His tone suggested that he had worries she knew nothing about. Katie waited, hoping he’d say more, but he pushed back his chair and stood up. “See you,” he muttered.
Katie fini
shed her canned pears, spooning the sweet syrup slowly to make it last. A mystery, she thought. Jay could tease all he wanted, but a mystery would make up for having to spend the summer in this dreary place.
She checked to see if there was one last pear half in the can, then crossed the kitchen to the open back door. This was the right setting for a mystery, no question about that. A small porch extended from the house like a raft afloat on a sea of meadow grass. Katie went down the steps, stopping on the last one to gaze into the twilight. There were probably rabbits and mice and all kinds of wild creatures living in this field. Even snakes! She pulled her foot back hastily, and as she did, her toe caught in a rotting board and she lost her balance. One moment she’d been looking out over the meadow. The next, she was stretched full-length on the ground. Her chest ached with the force of her fall.
She started to get up, then froze. There was a groaning beneath her, a somber sound that began and ended in seconds. She lifted her head to look around, then pressed her ear to the ground once more. Silence. But as she lay there, not moving, the earth shuddered beneath her hands.
Katie scrambled to her feet and flew up the porch steps. She hurtled through the door just as Mrs. Blaine returned to the kitchen.

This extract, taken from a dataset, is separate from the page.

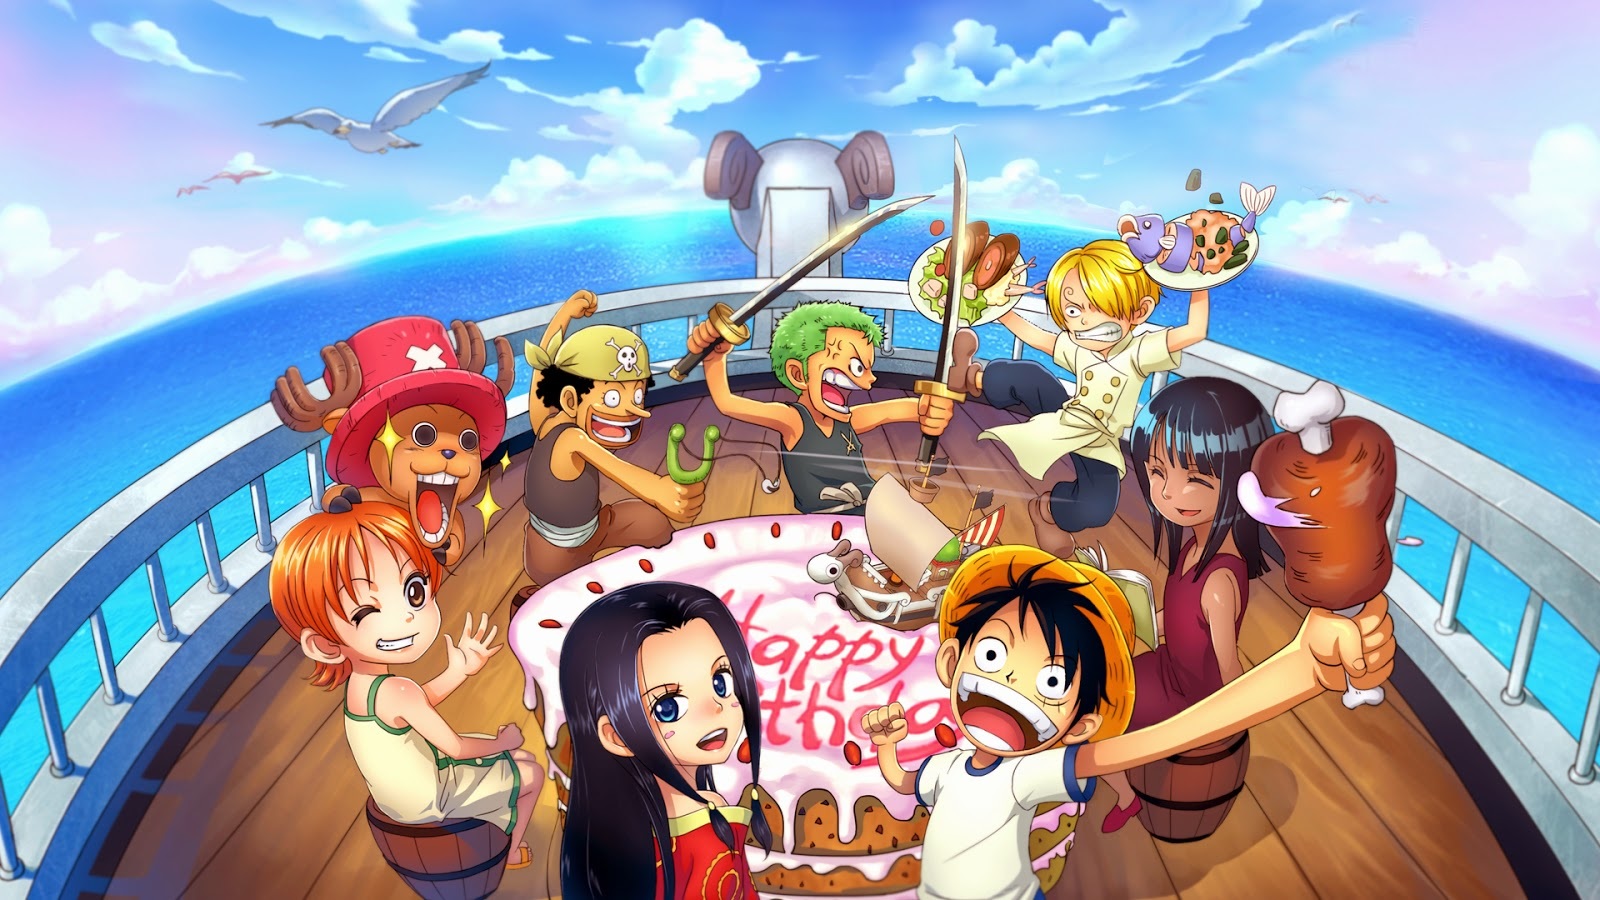 Với 66 ảnh anime One Piece đẹp, bạn sẽ được tận hưởng một bức tranh đầy sắc màu, bắt đầu từ những phong cảnh tuyệt đẹp, những tình huống đầy kịch tính cho đến những nhân vật đáng yêu. Bộ sưu tập này chắc chắn sẽ làm hài lòng người xem khó tính nhất.

“Katie, for heaven’s sake! Uncle Frank’s trying to sleep.” She sank into a chair. “You really disturbed him just now,” she went on, without noticing her daughter’s flushed face. “I don’t want any more questions about mysterious messages, okay? Uncle Frank’s heart is weak. He needs rest and quiet and no stress.”
Katie peeked over her shoulder at the open door. She half expected to see something horrible hulking there.
“And where’s Jay?” Mrs. Blaine asked. “He’s going to have to watch his tongue, too.”
“He went upstairs.” Katie took a deep breath to steady herself. “I’ll wash the dishes.”